**Exercise:** Locate the line that contains "Featuring an endearingly" in the data that follows. Copy it and every subsequent line to the end, exactly, excluding pictures.

### Data provided ###

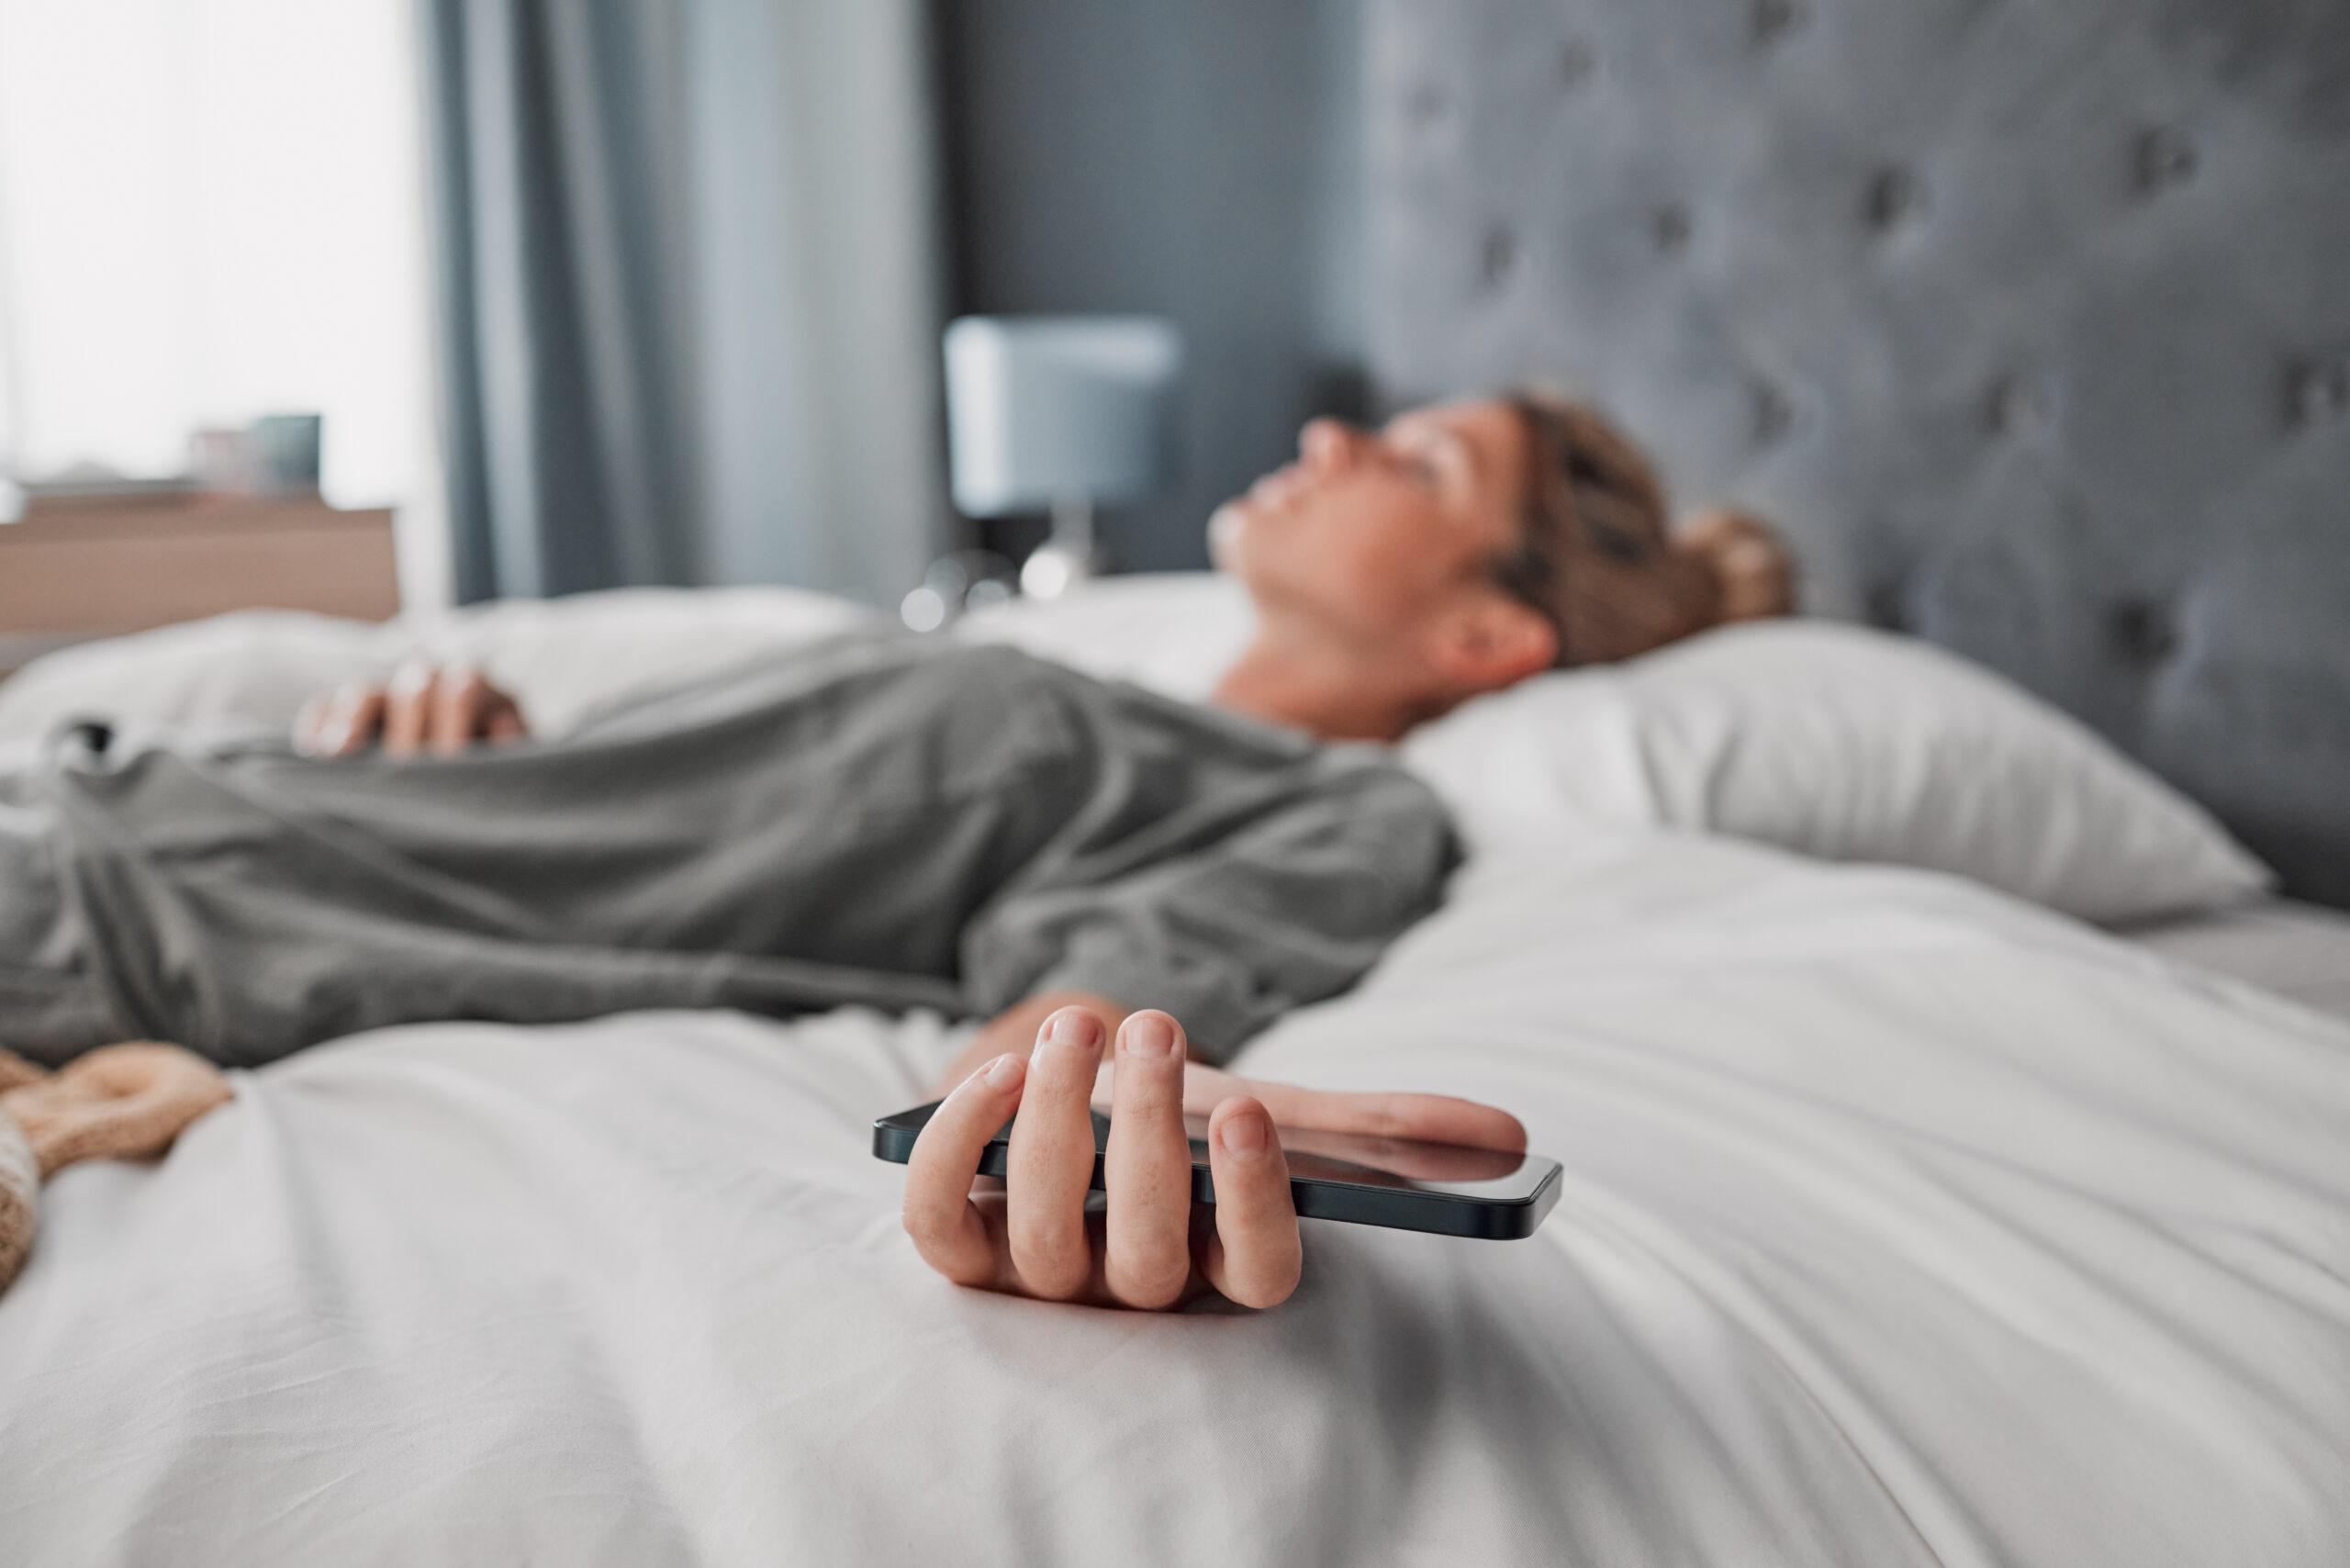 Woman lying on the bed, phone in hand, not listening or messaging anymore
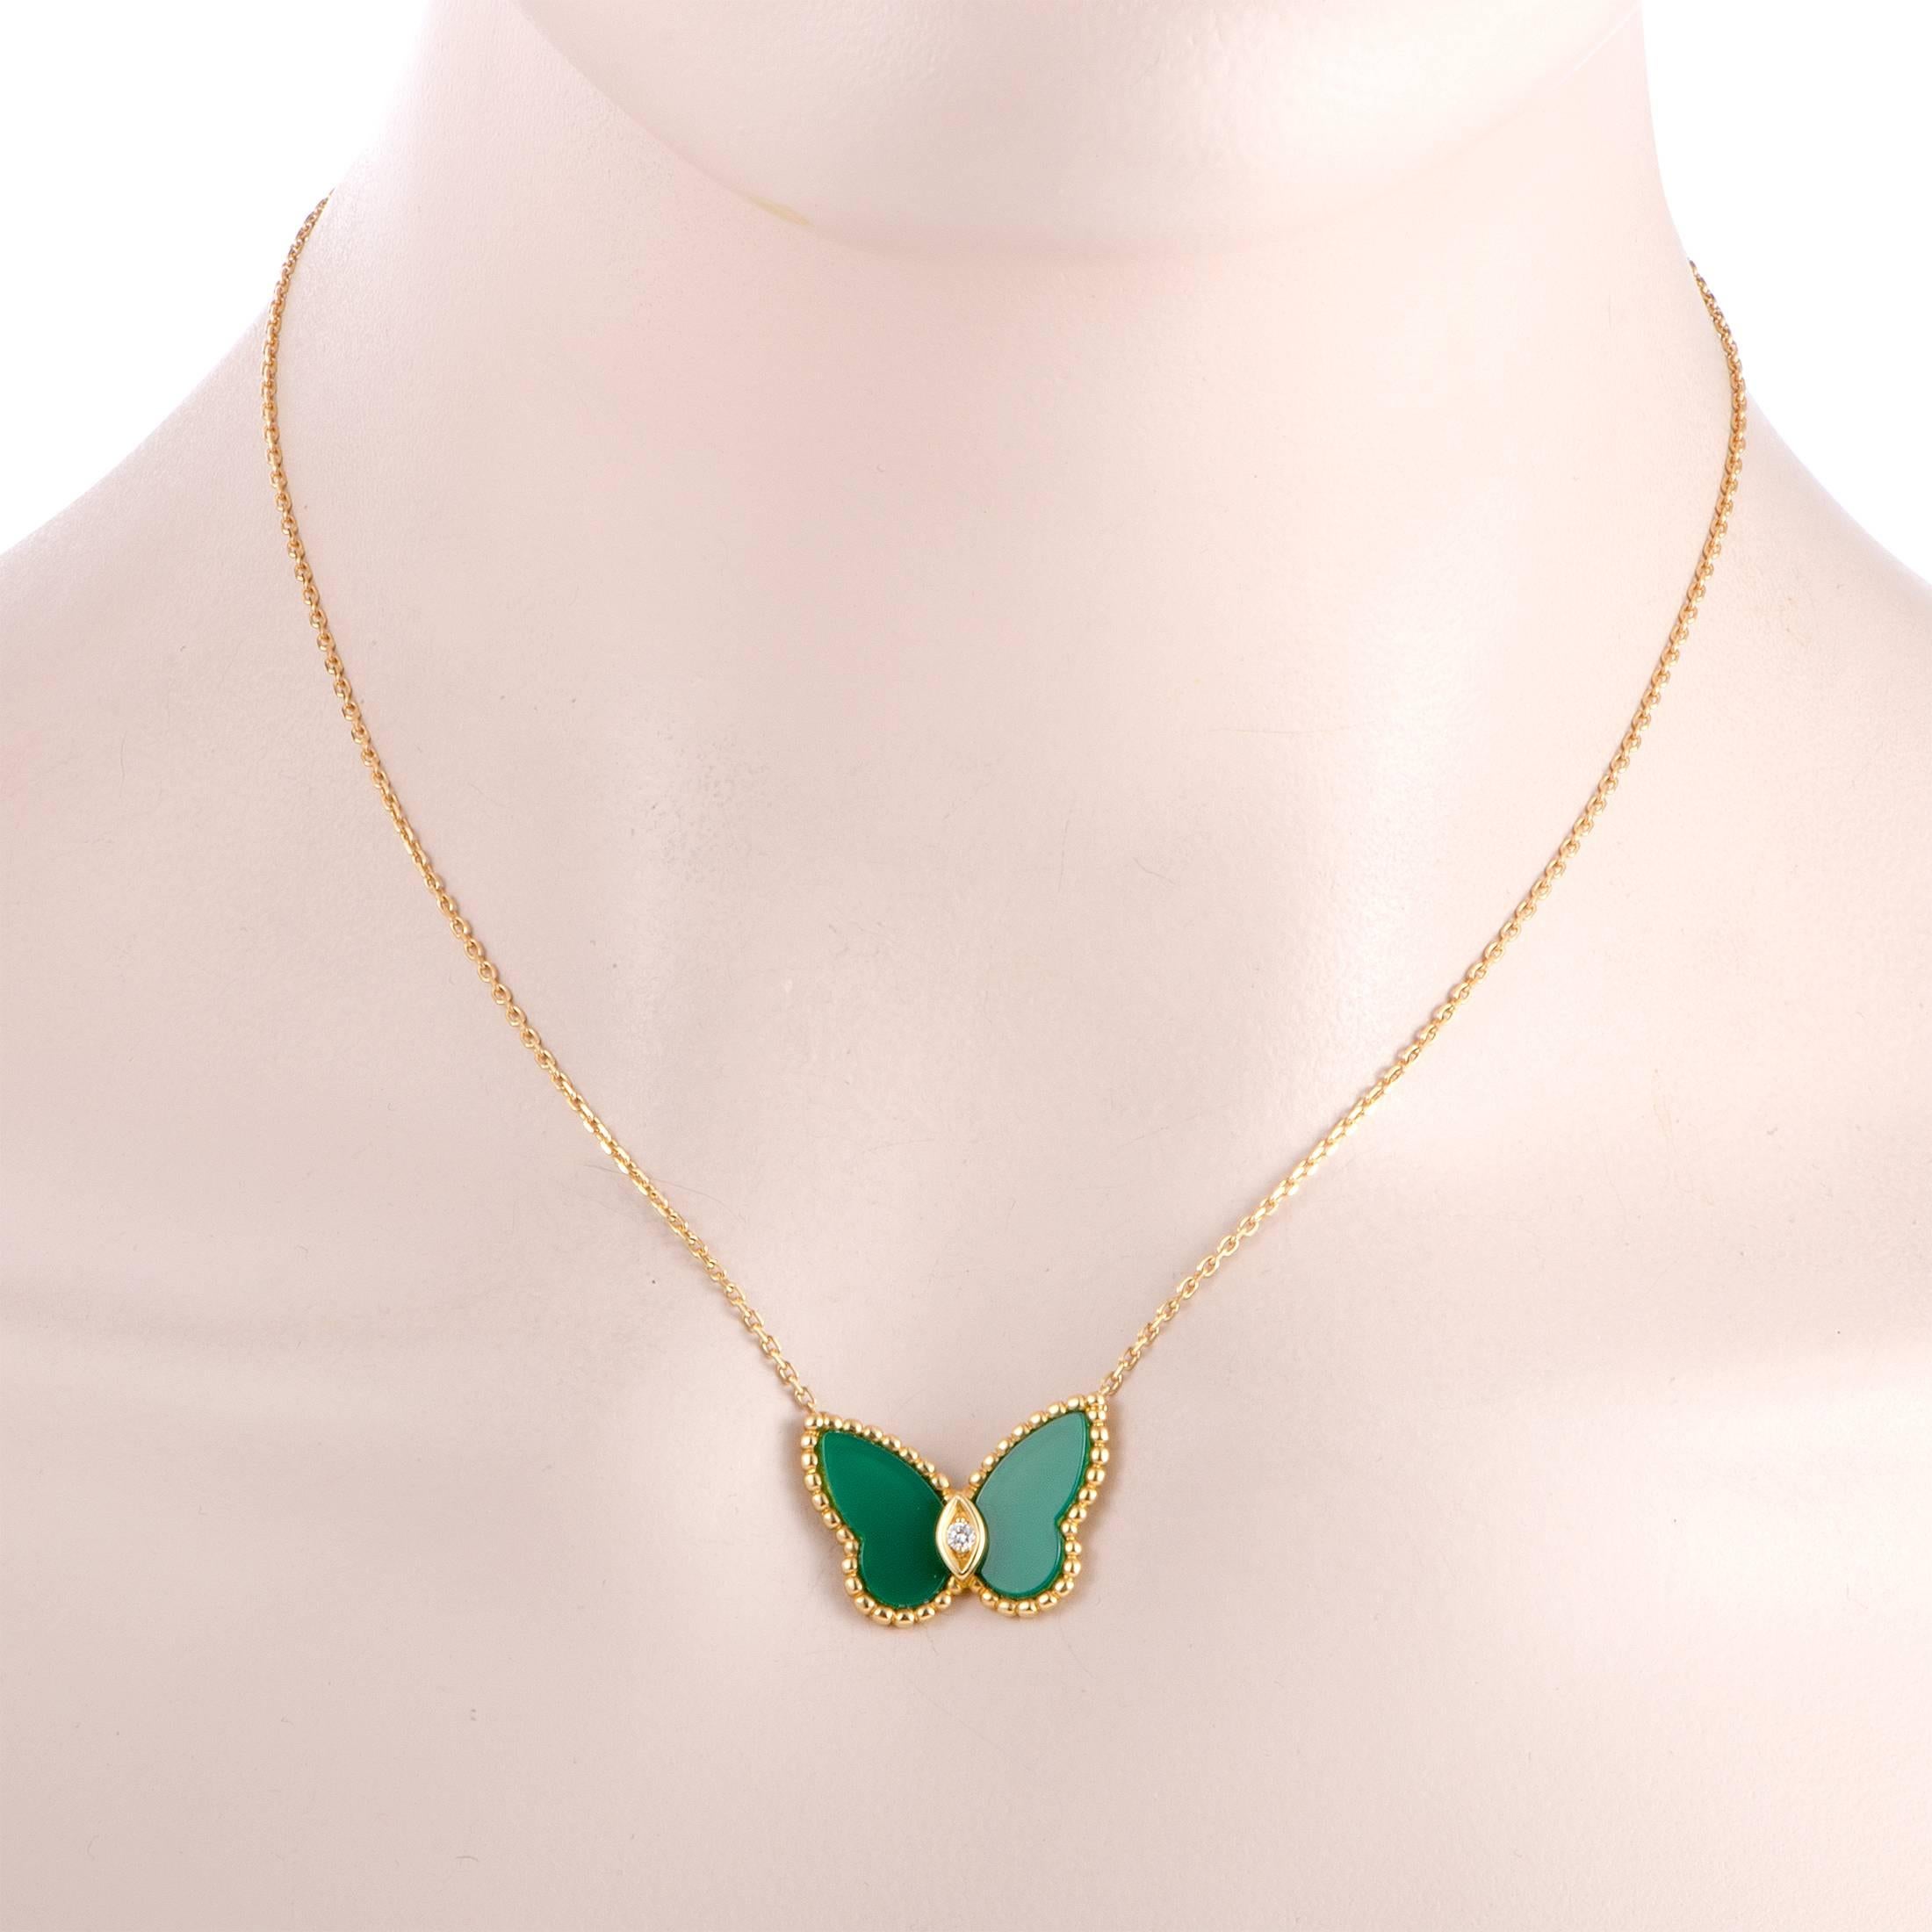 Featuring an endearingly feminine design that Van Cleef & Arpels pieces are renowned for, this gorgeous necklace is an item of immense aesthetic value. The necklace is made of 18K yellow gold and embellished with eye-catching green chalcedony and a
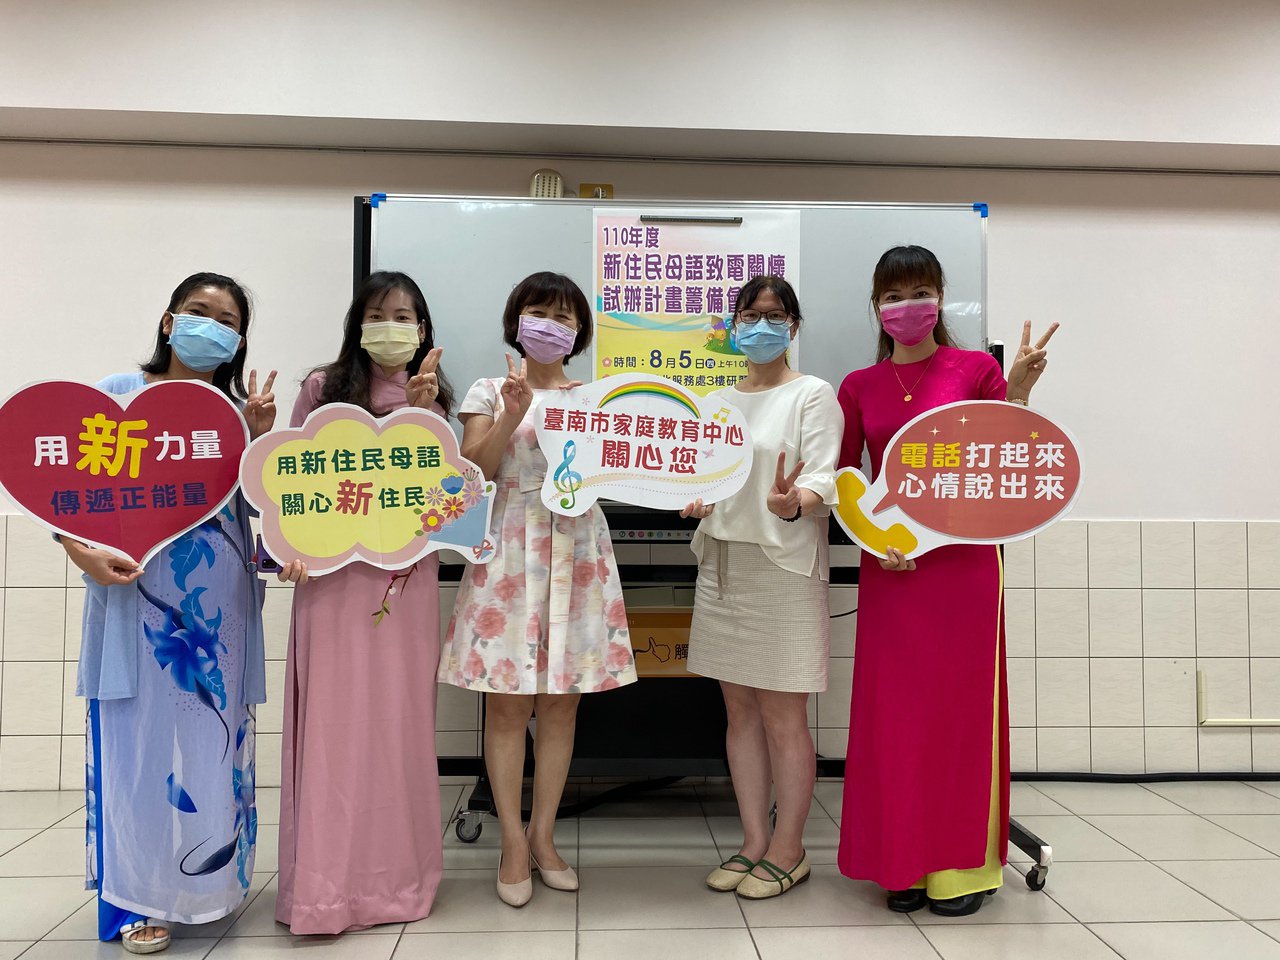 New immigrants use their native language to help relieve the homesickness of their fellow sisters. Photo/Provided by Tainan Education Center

###

**Output below:**
 Featuring an endearingly feminine design that Van Cleef & Arpels pieces are renowned for, this gorgeous necklace is an item of immense aesthetic value. The necklace is made of 18K yellow gold and embellished with eye-catching green chalcedony and a
 New immigrants use their native language to help relieve the homesickness of their fellow sisters. Photo/Provided by Tainan Education Center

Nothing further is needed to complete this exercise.